Population (2023 census)
- • Total: 153
- • Density: 7.36/km^{2} (19.1/sq mi)
- Time zone: UTC+12 (NZST)
- • Summer (DST): UTC+13 (NZDT)

= Teddington, New Zealand =

Settlement in Christchurch, New Zealand

Teddington is a very small community on Banks Peninsula at the head of Lyttelton Harbour / Whakaraupō. It sits on the junction of the road to Gebbies Pass and the road from Purau to Christchurch.

It dates back to the early settlers of Christchurch but is now reduced to a pub and a restored working blacksmith's forge.
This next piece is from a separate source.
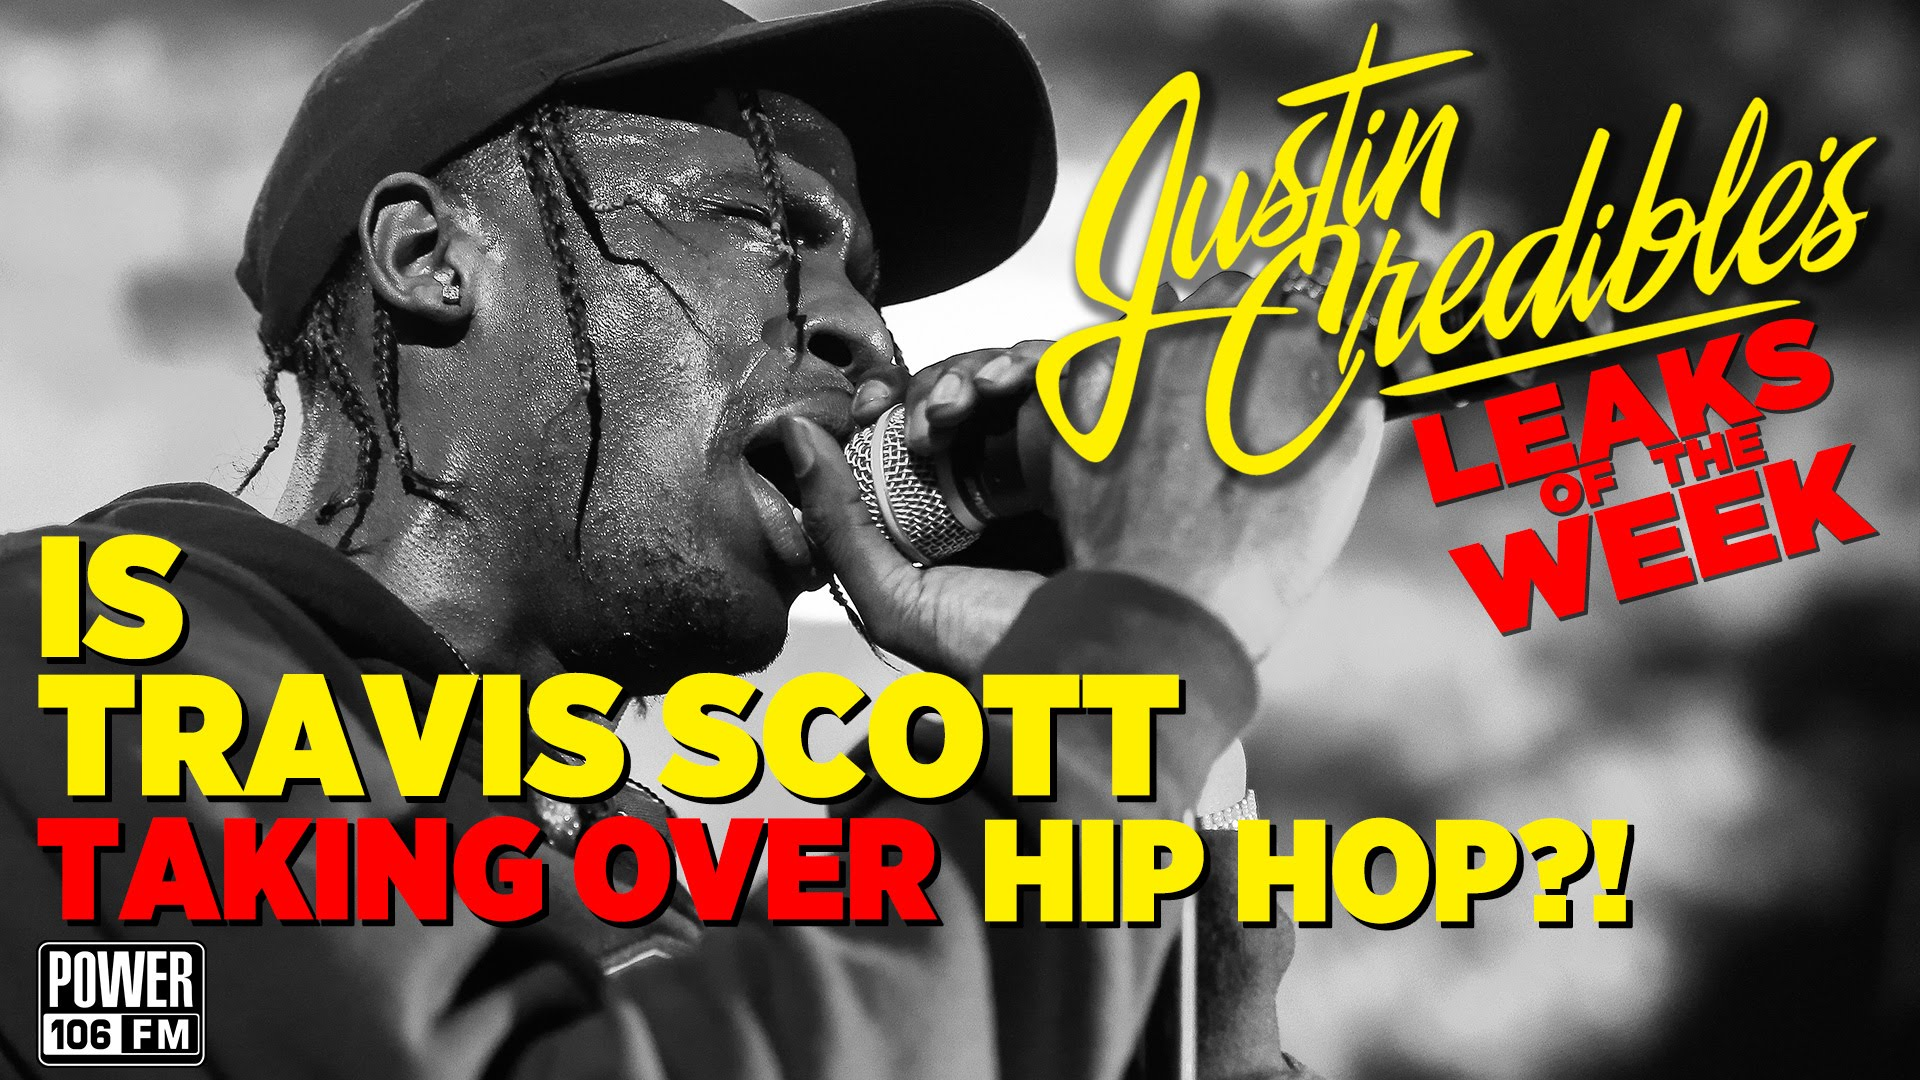 Justin Credible's #LeaksOfTheWeek w/ Travis Scott, Kanye West & Future  (Video)
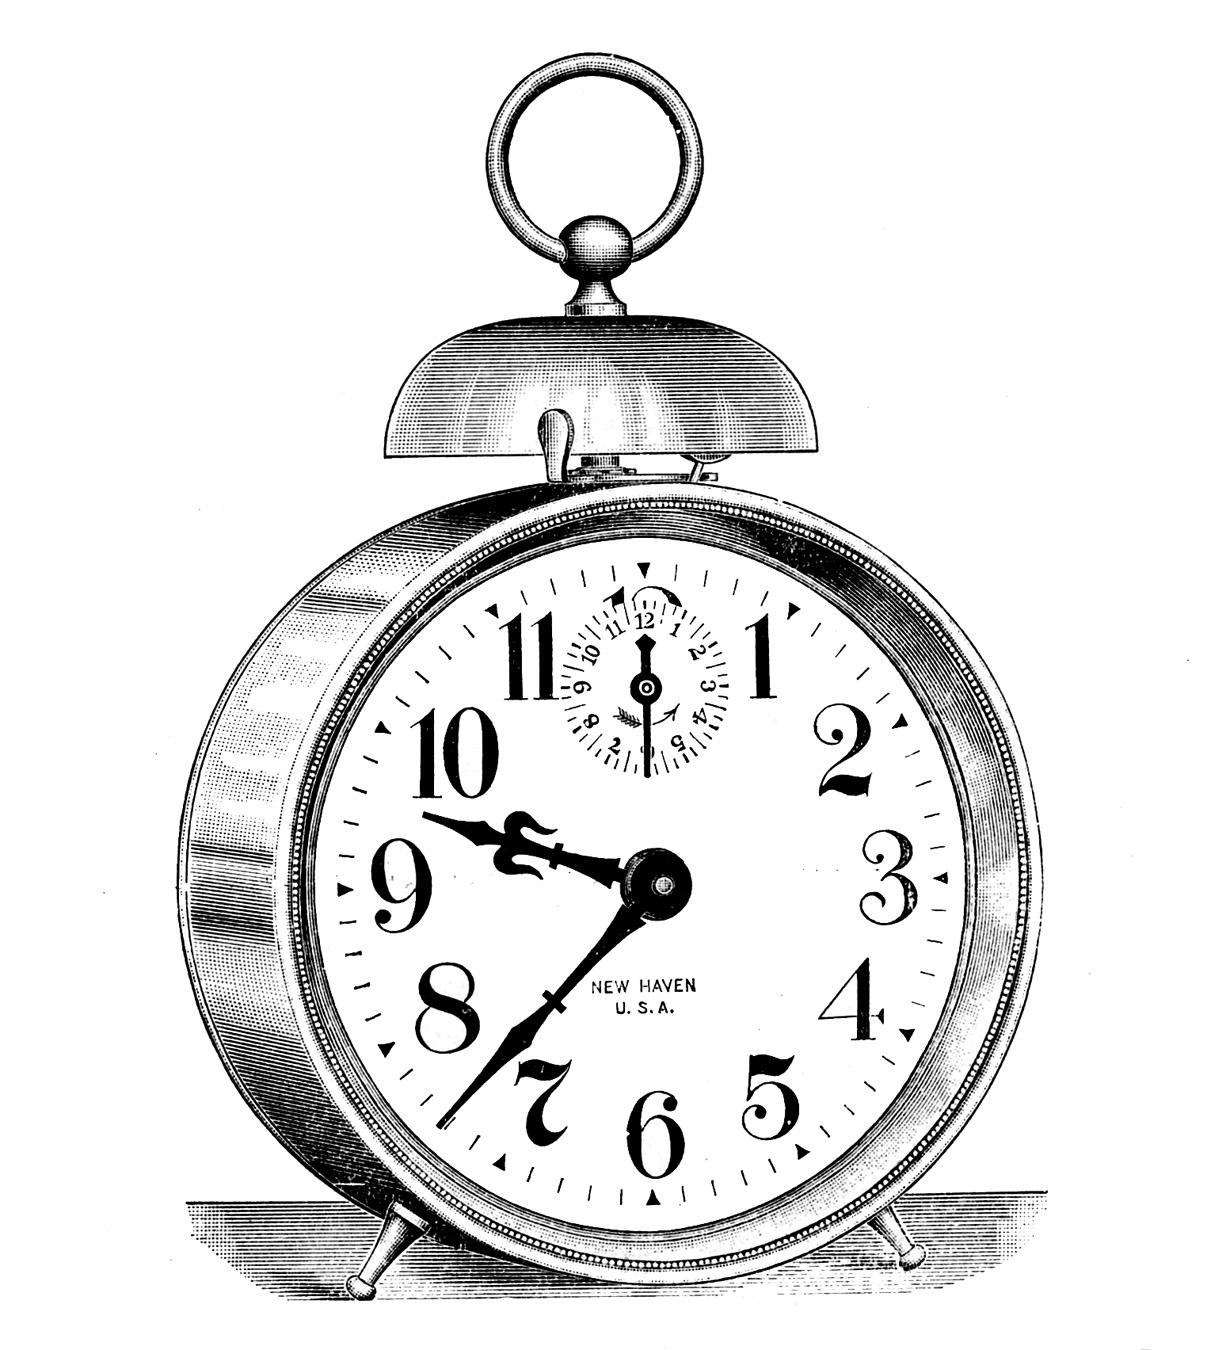 Vintage Clip Art - Classic Alarm Clock - Steampunk - The ...

A school opened at Teddington (then called Gebbies Flat) in 1864. It may have been replaced by the school which opened on Governors Bay Road in 1868.

== Tsunami ==
An earthquake near Chile on 23 May 1960 caused a tsunami which crossed the Pacific to hit New Zealand. The tsunami was funnelled up Lyttelton Harbour and flooded low-lying farmland and the Wheatsheaf Tavern in Teddington. A similar event occurred in 2010 following an earthquake in Chile with three waves that were greater than two metres high inundating the head of the harbour around Teddington.

An earlier tsunami occurred in 1868 following an earthquake off the coast of Peru. This caused an eight foot high wave to be funneled up Lyttelton Harbour towards Teddington.

== Demographics ==
Teddington locality covers 20.80 km2 and includes Allandale. It is part of the larger Teddington statistical area.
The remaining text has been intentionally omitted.